Для связей с внешним миром, особенно с зарубежными «братьями», иеговисты могут использовать людей, совершенно посторонних «свидетелям Иеговы». Единоверцев стараются от риска уберечь, поручают им такие задания, которые чужому доверить нельзя. Что мог показать Шая Грандаевский, если бы его арестовали? Ничего. Он не знал ни агента, который явился с приветом от Абы Дайца, ни цели его приезда. Арестованный, он для иеговистов не представлял опасности. Все это учли, когда «там» намечали, к кому должен «пионер» явиться в первый день пребывания в Приморске. Кандидатура Грандаевского, представленная его бывшим приятелем Абой Дайцем, оказалась наиболее подходящей.
Грандаевский об этом, конечно, не знал. Шая давно пришел к выводу, что обещание переправить его за границу лживо, с неизвестным человеком он никогда больше не встретится. И, вторично увидев Калмыкова на кладбище, Шая помрачнел, глаза его стали злыми.
— Что-нибудь случилось? — встревожился Шая.
— Где? — спокойно спросил Калмыков.
— У… у вас?
— У меня?.. Все в порядке. Просто нужна ваша помощь.
— Опять?! Вы же сказали тогда, что нужен только приют.
— Не всегда выходит по-нашему. Да вы не волнуйтесь, дело — пустяк, — постарался успокоить его «пионер».
На опухшей небритой щеке Шаи задрожал мускул.

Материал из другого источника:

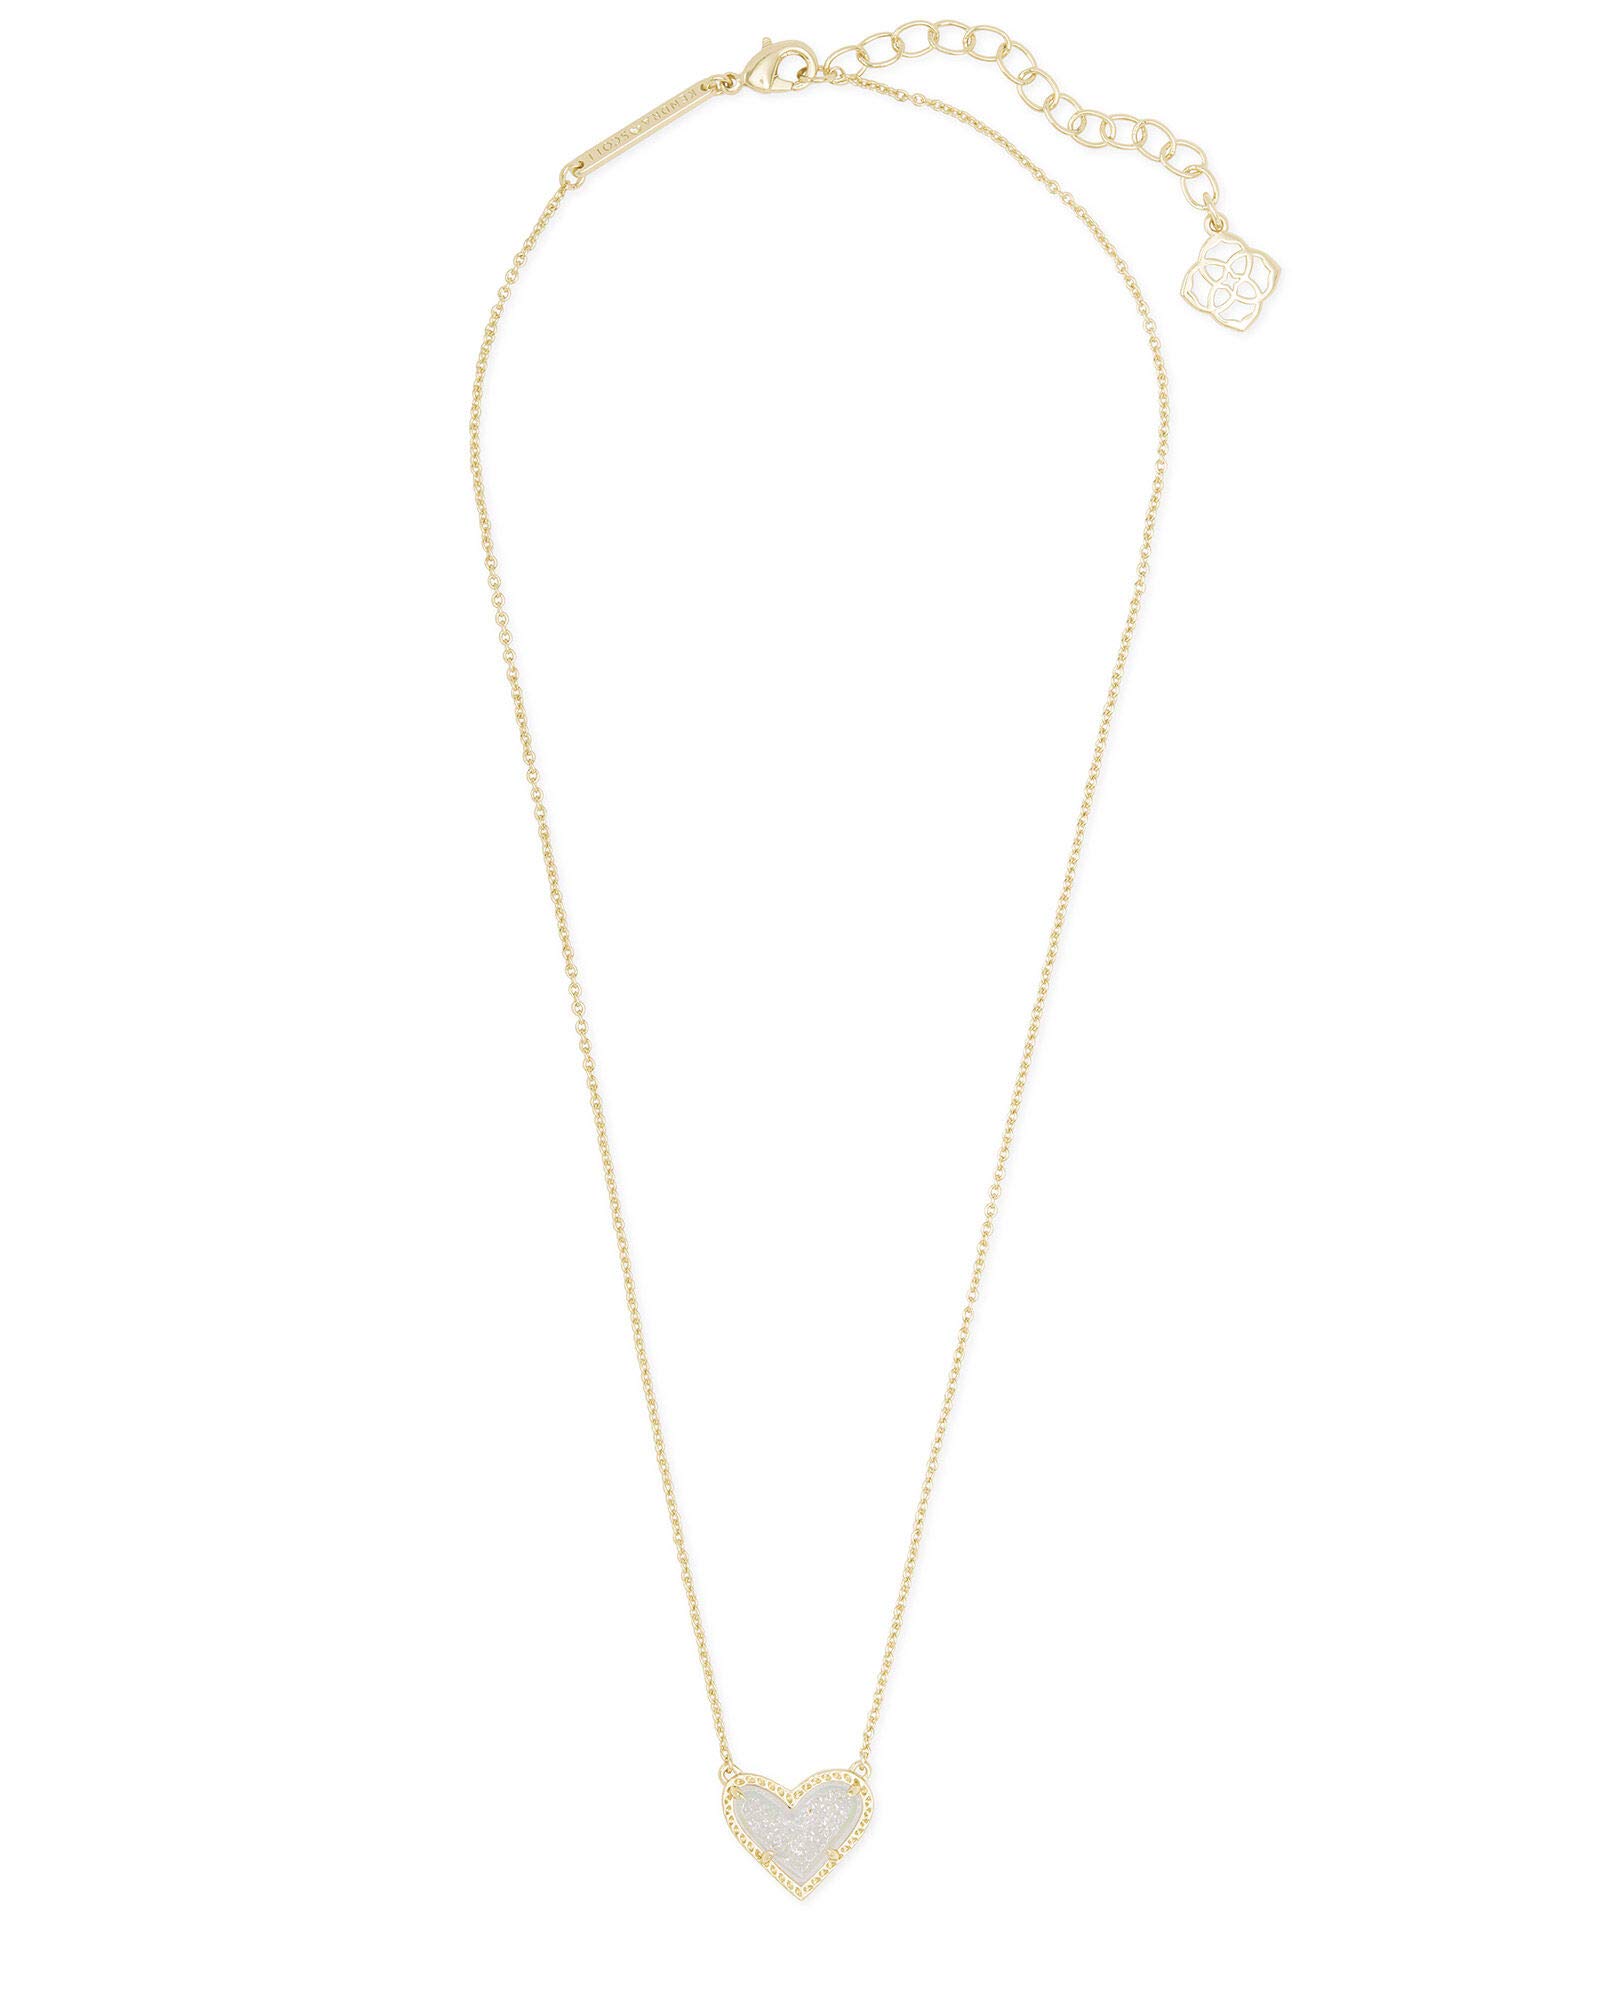 Kendra Scott Ari Heart Adjustable Length Pendant Necklace for Women, Fashion Jewelry

— Вот что, как вас звать не знаю, — грубо сказал Грандаевский. — Не буду вам помогать и все! Не буду. Отвяжитесь раз и навсегда!
Калмыков тоже рассердился. Этот человек каждый раз вызывал в «пионере» недоброе чувство. Так было с первой минуты встречи, так стало и сейчас.
— После того, как вы мне однажды помогли, слово «не буду» исключается, — ответил Калмыков на резкую реплику Шаи.
Шая понял, что он прав. Согласился раз, будешь покорен до конца.
Грандаевский молчал. Молчал и Саша. Ему стало чуть жаль Грандаевского — несчастного, опустившегося.
Моня подошел к ним, хотел заговорить с Шаей.
— Убирайся прочь, несчастный! — огрызнулся Шая. — Проваливай!
Саша понял подтекст этих слов: Грандаевский смирился.
— Ну вот, — сказал Калмыков таким тоном, будто никакого спора между ними не было. — На ваше имя скоро придет посылка от Юлиана Турчака из Варшавы. Получите ее и не вскрывайте Поставьте на подоконник вашей комнаты какой-нибудь предмет: бутылку, лампу, кувшин, — что хотите. Тогда я приду.
— Понимаю, — упавшим голосом ответил Шая. — А что там, в посылке?
— Разные вещи, — неопределенно ответил Калмыков. — Обыкновенные. Кое-что перепадет и вам…
Посылка прибыла. Шая сделал все, как было приказано.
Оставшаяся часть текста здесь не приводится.